I have a question about analyzing data from a database.

I know that I can easily create SFrames from a csv file etc.

However, the data I want to analyze sits in a database, not in a file.

What methods are people using when the data they want to analyze with graphlab is in a database? What is the usual/graphlab recommended method?

I have had two strategies for dealing with this so far:

1) Use pandas to create a csv file from the data in the database and create an SFrame from that csv. (not good) 2) Writing my own function that takes data from the database (mongodb) using a python library (pymongo) and creating an SFrame myself. This works but I thought there probably is an easier way of doing this?

Hi It is actually much easier than you imagined as we support direct reading and writing from databases as explained here:

Hi @DannyBickson

I just saw your reply. Thanks a lot. A few issues:

  1. The link you posted does not work. (perhaps due to name change from dato to turi?) I am guessing you were pointing here:

These instructions seem to be written for sql. "[ODBC] remains one of the most universal ways to communicate with SQL databases"

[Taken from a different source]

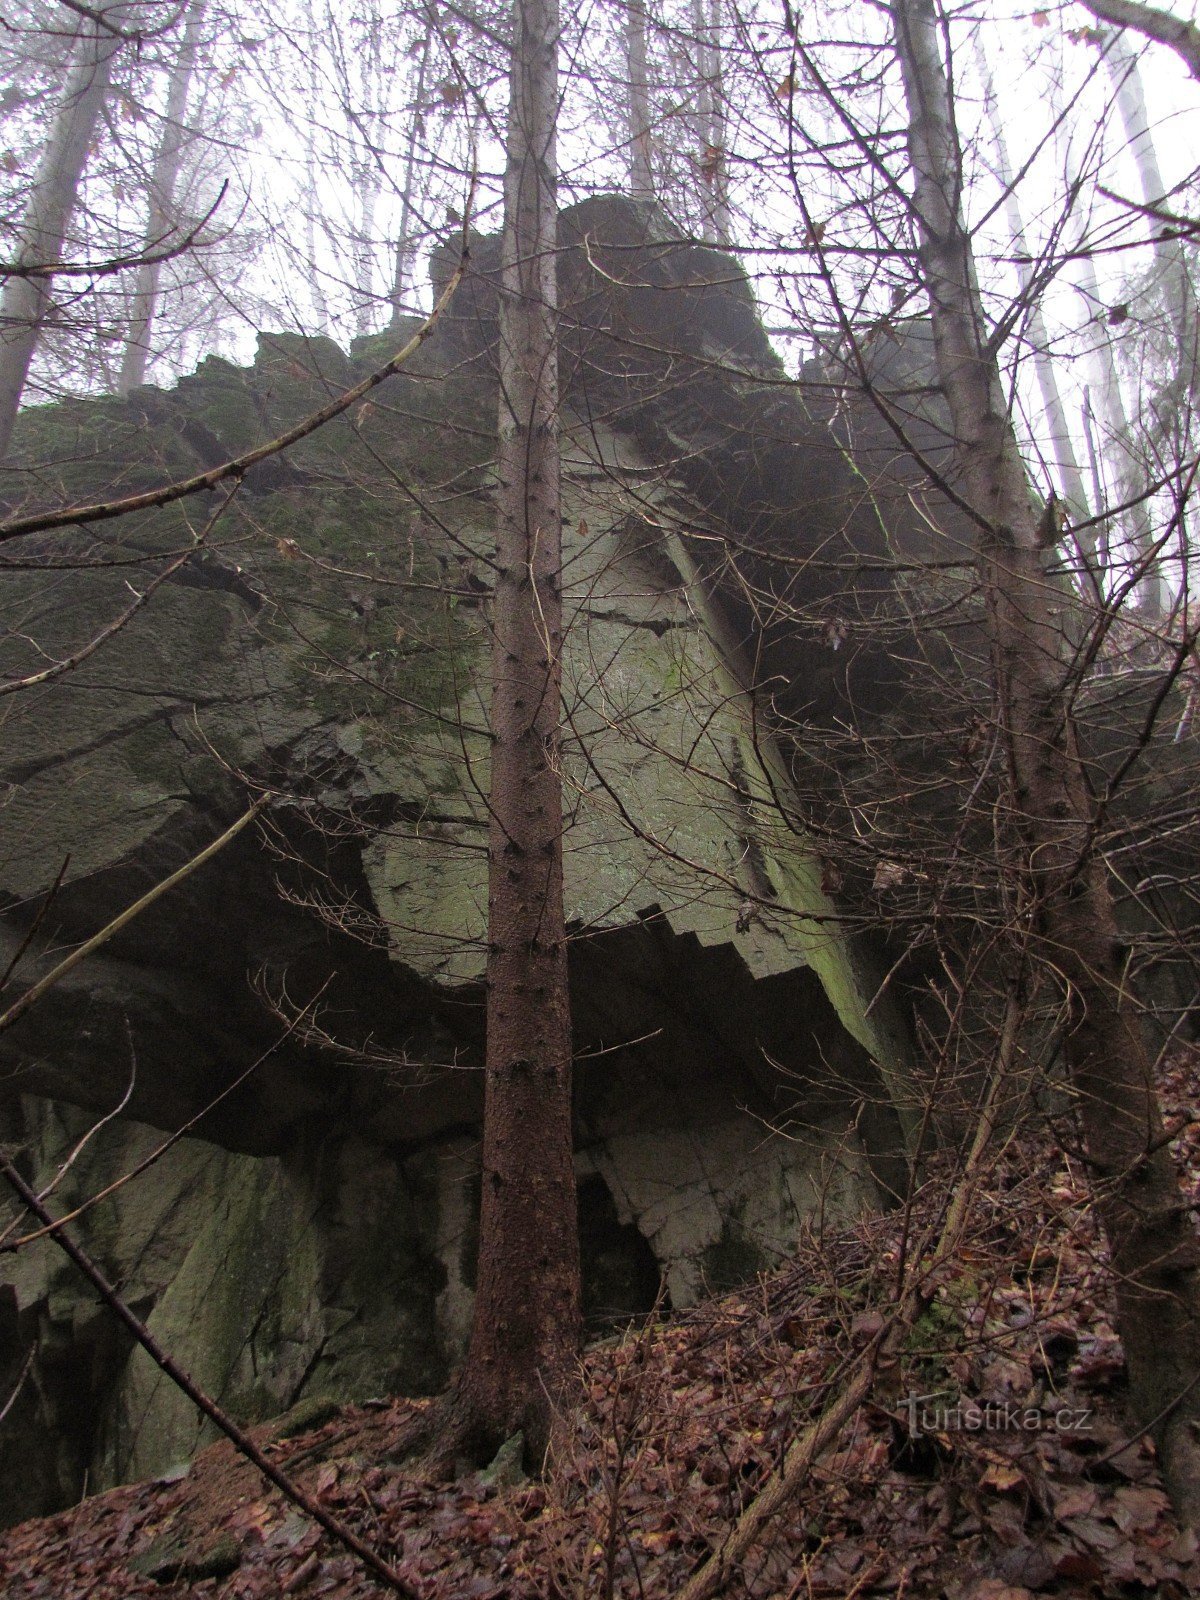 Oskavy nad Bedřichov valley - rocks

Any help you can give me on working with mongodb? Anyone?

I currently have an IP address to the mongo server of my company and would not know to set up ODBC on my own. A quick google search for odbc for mongodb was not super helpful either, even after assuming graphlab would support it. A set of instructions similar to those above for odbc-sql would be helpful.


PS: is there a way to be notified of replies to these posts? I would like to be notified when someone responds to my question.